[Data for processing Boundary: Start]

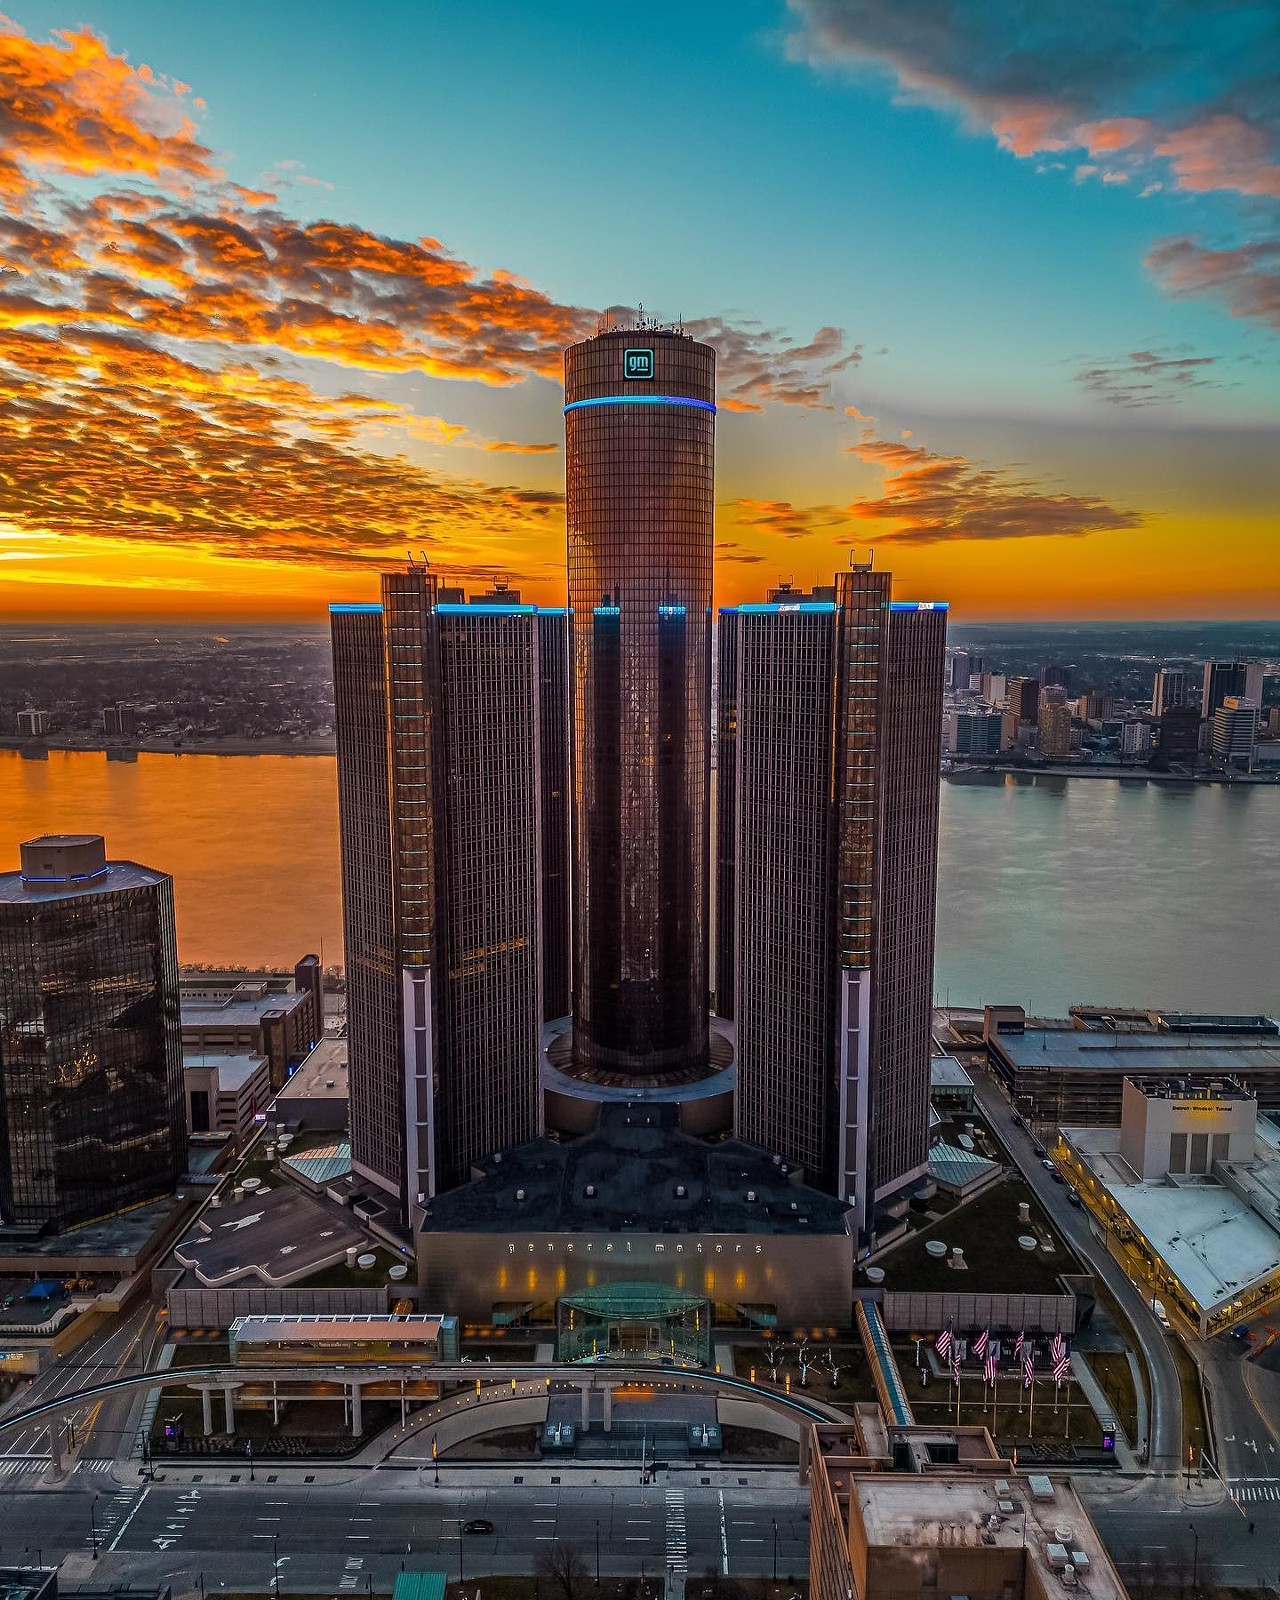 GM Renaissance Center
400 Renaissance Center, Detroit; gmrencen.com
Built in the 1970s, the Renaissance Center reshaped Detroit's skyline with what is now the tallest skyscraper in the city. Designed by John Portman, its seven interconnected towers house hotels, offices, and retail spaces.
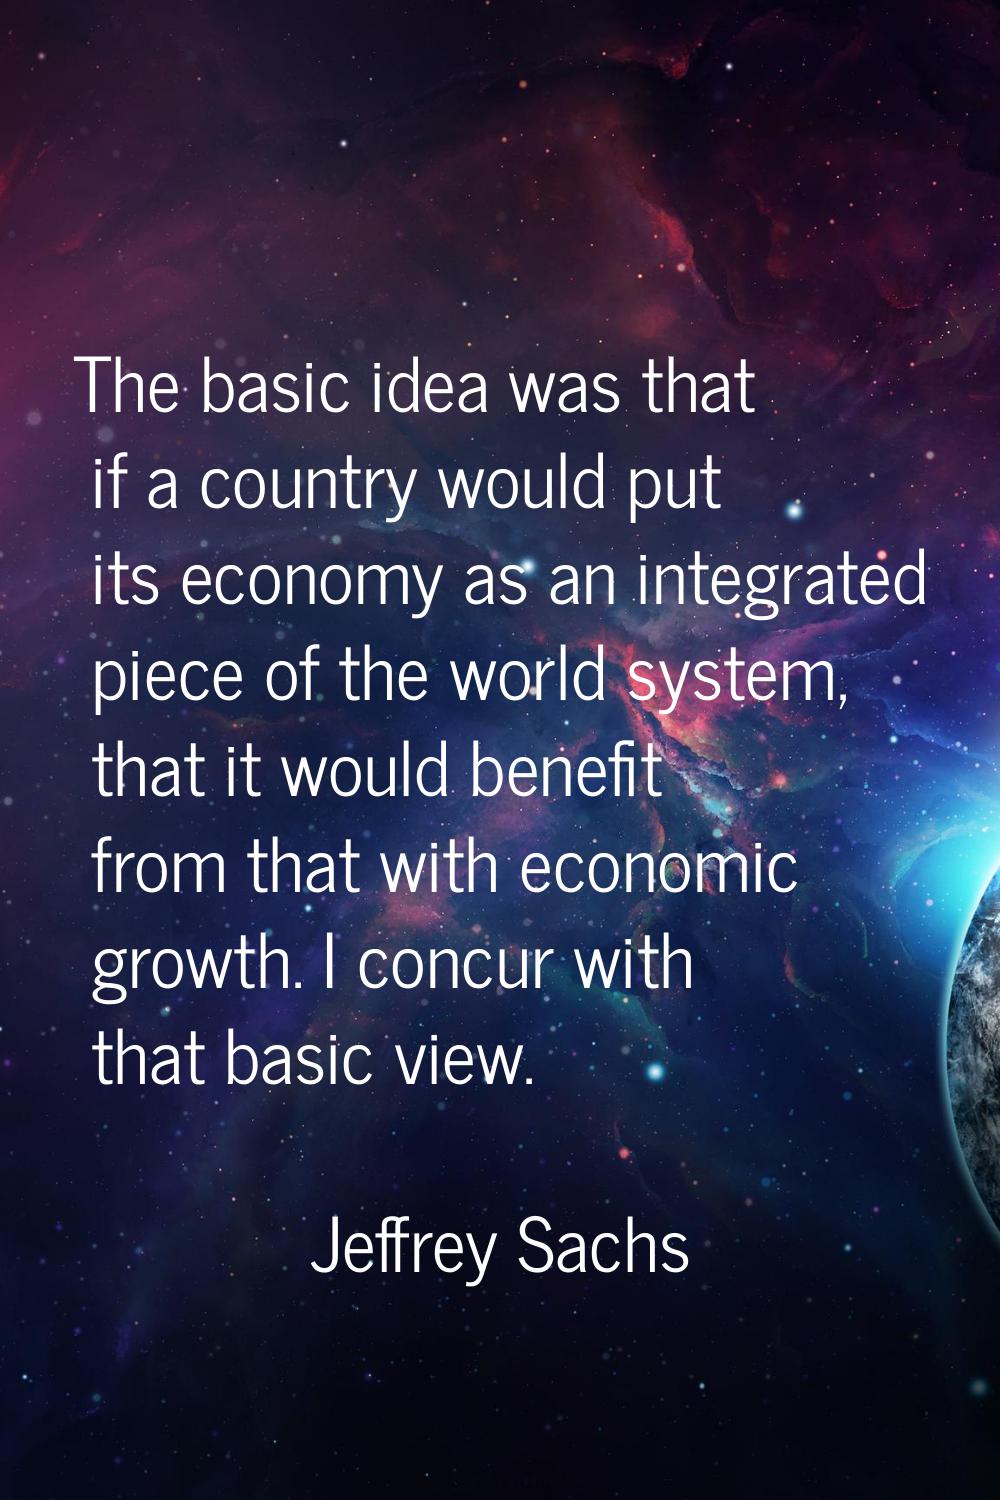 The basic idea was that if a country would put its economy as an integrated piece of the world syst
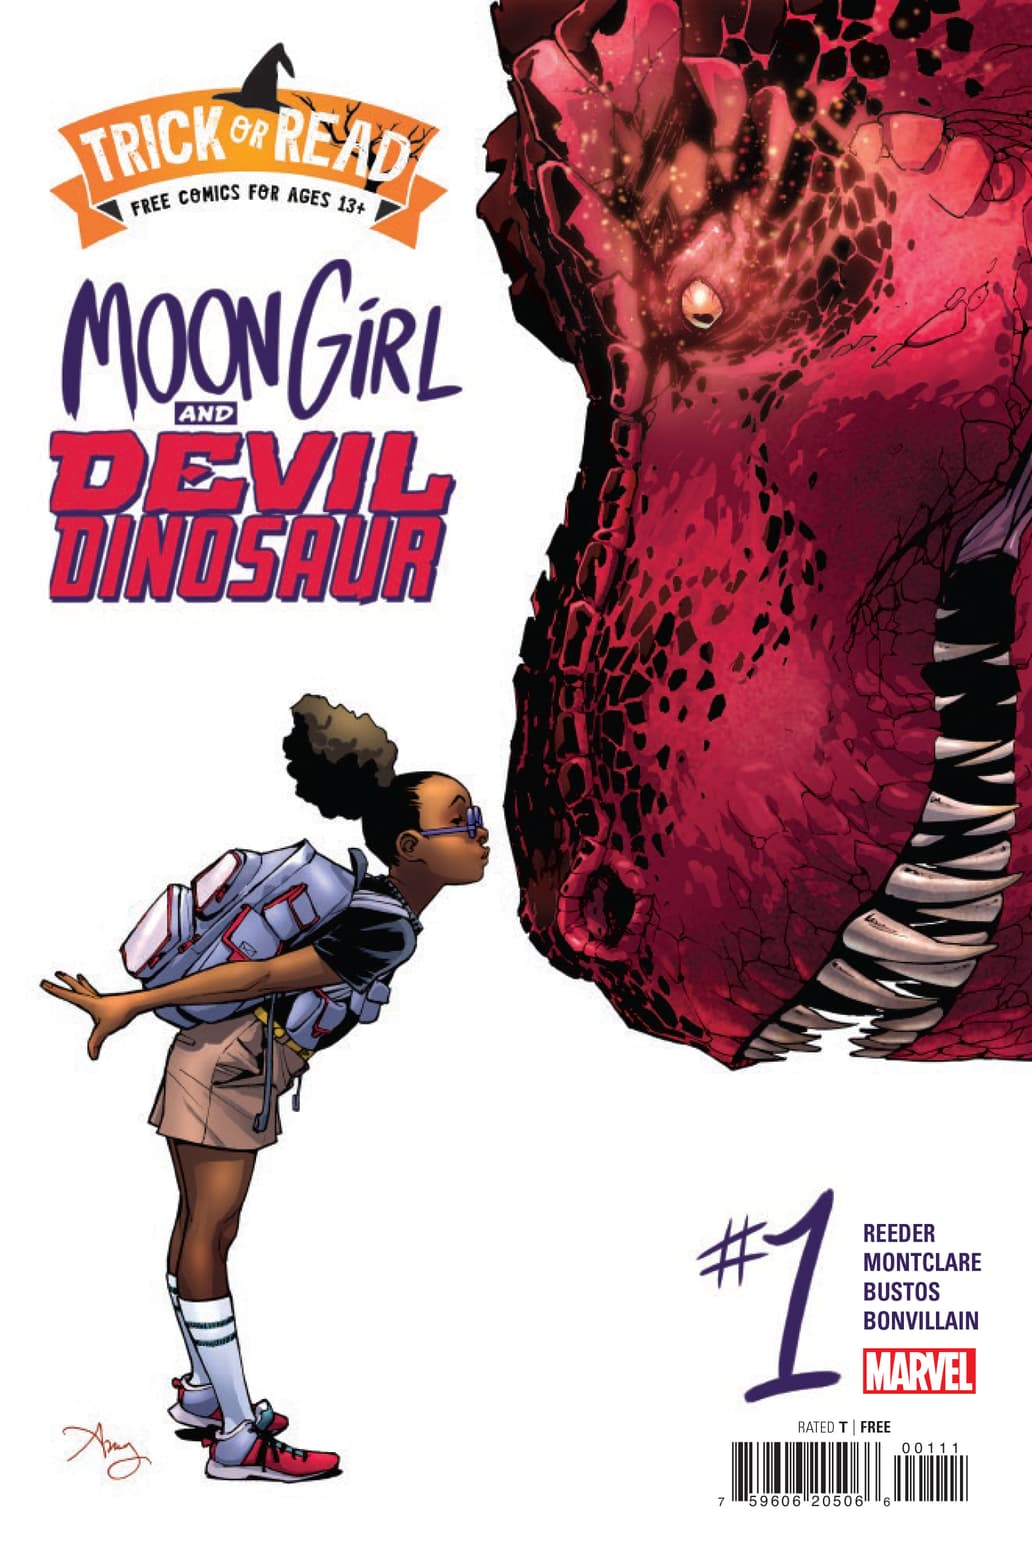 MOON GIRL AND DEVIL DINOSAUR #1 HALLOWEEN TRICK-OR-READ 2022 Cover by AMY REEDER

[Data for processing Boundary: End]

- _Work required_: Write out the material above exactly; no pictures.

- _Response to this task_:
 GM Renaissance Center
400 Renaissance Center, Detroit; gmrencen.com
Built in the 1970s, the Renaissance Center reshaped Detroit's skyline with what is now the tallest skyscraper in the city. Designed by John Portman, its seven interconnected towers house hotels, offices, and retail spaces.
 The basic idea was that if a country would put its economy as an integrated piece of the world syst
 MOON GIRL AND DEVIL DINOSAUR #1 HALLOWEEN TRICK-OR-READ 2022 Cover by AMY REEDER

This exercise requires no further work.